Bryce Oates of the Missouri Rural Crisis Center, which represents more than 5,500 families, said farmers are losing market access because they cannot compete with large corporations. Banken said the decrease in the numbers of independent farmers is troubling to everyone. She added that MU scientists only propose research projects that are beneficial to the field, the state and the nation.

Both Schafermeyer and Bantz said students are trying to start a public debate about life sciences research at MU.

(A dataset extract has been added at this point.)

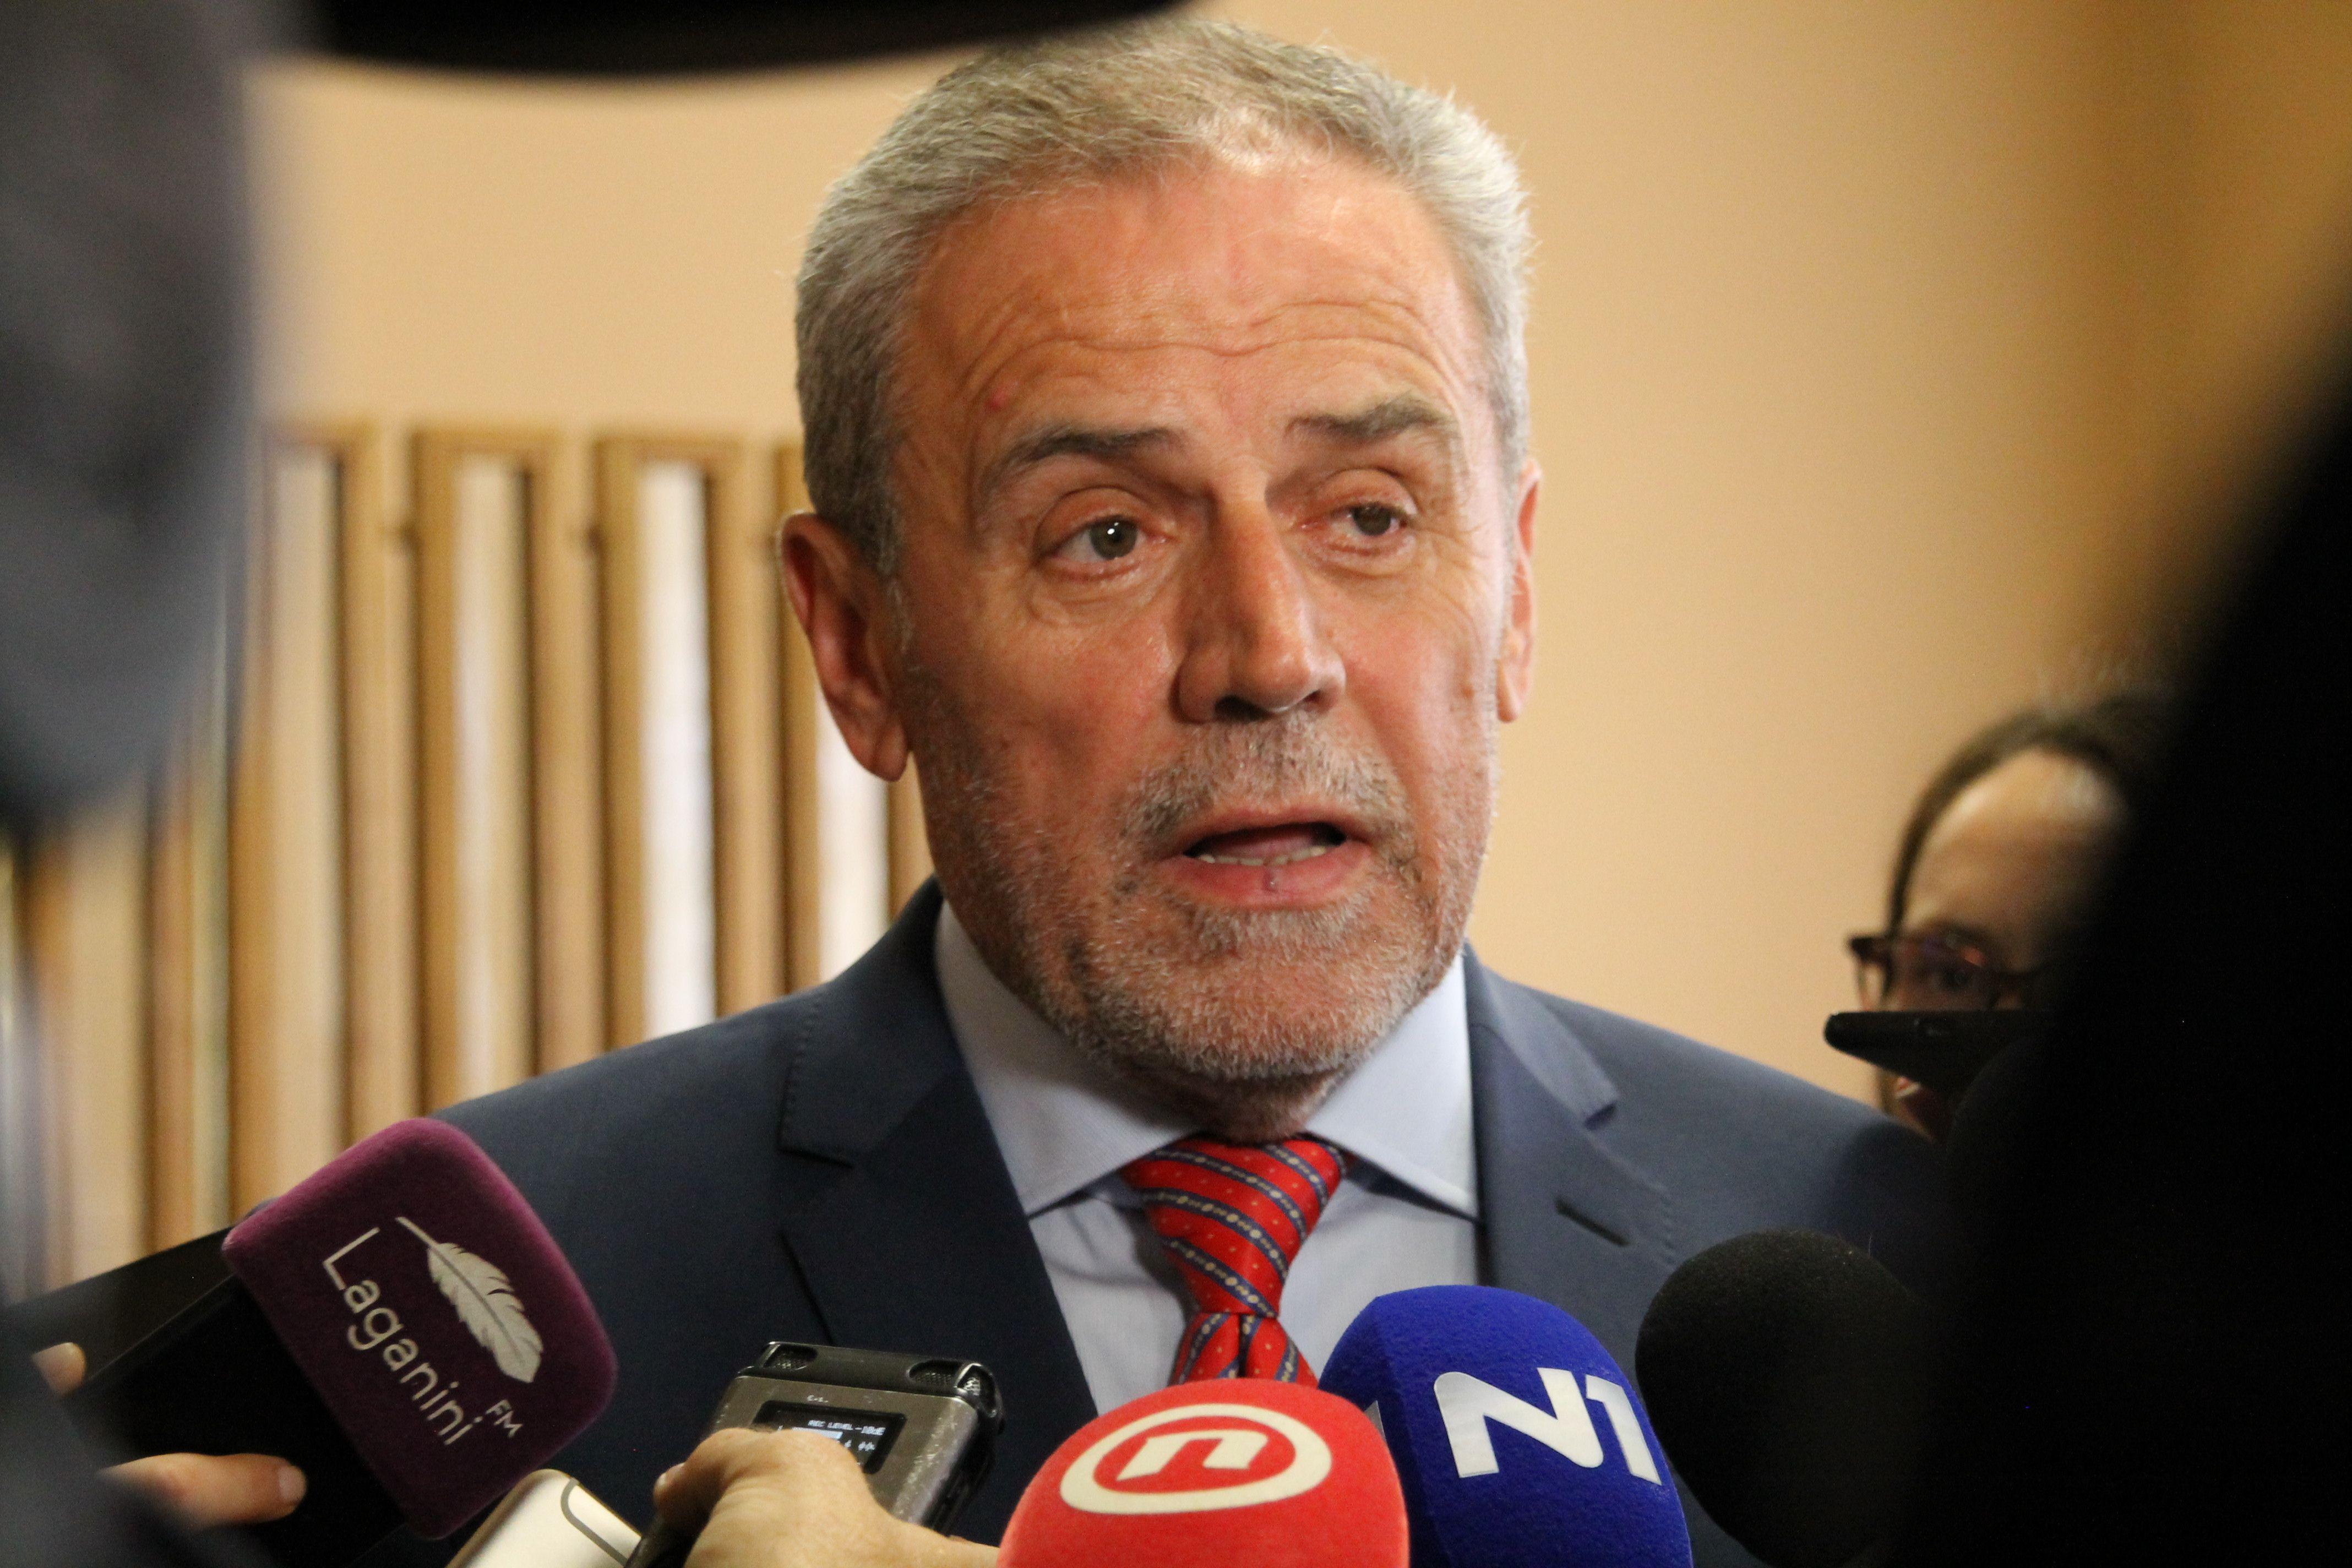 Bandić čestitao Dan neovisnosti: I danas trebamo zajedništvo i solidarnost kao ratne 1991.

SPA accuses the university of measuring success by the number of patents and start-up companies produced by research. "Few patents actually succeed in the marketplace and few start-up companies ever become viable," the "Mizzou, Inc." publication states.

According to MU’s latest research report, the university had 87 patent applications pending in the 2003 fiscal year. In the past four years, MU secured about 200 intellectual property licenses. MU officials said the only way people would benefit from MU’s inventions is if they were turned into viable products.

"That is often best done by the private sector," Banken said.

Ken Midkiff of the Sierra Club’s Ozarks Chapter said MU is not a unique case in the country.

"Every land-grant university in the United States has sold its soul to major agribusiness corporations," said Midkiff, who joined the tour.

Oates, who graduated from MU five years ago, said he received a "top-notch" education at MU but is worried about the direction the school might be taking because of narrowing its focus.

"They have lost the ability to distinguish between what’s good for farmers and what’s good for corporate agribusiness," he said.

Oates said MU decided to back biotechnology, thus putting the future of the university on the line.

"We are well behind the curve," Oates said. "And we’re not going to catch up."

He said that most jobs would go to states that invest more in this industry and that taxpayers’ money is being wasted by the current push.

MU was ranked 111 out of 150 universities in National Institutes of Health funding for fiscal year 2001. The ranking is largely driven by the medical schools on those campuses, said Jim Coleman, MU vice provost for research. Medical research is not an area in which MU has invested heavily, concentrating life sciences efforts on its strengths: plant genomics, comparative medicine and nursing.

In recent years, there has been a national increase in money available for life sciences research. Speakers on the tour said legislators are repaying private companies for supporting their campaigns by directing federal and state money toward research these corporations could benefit from.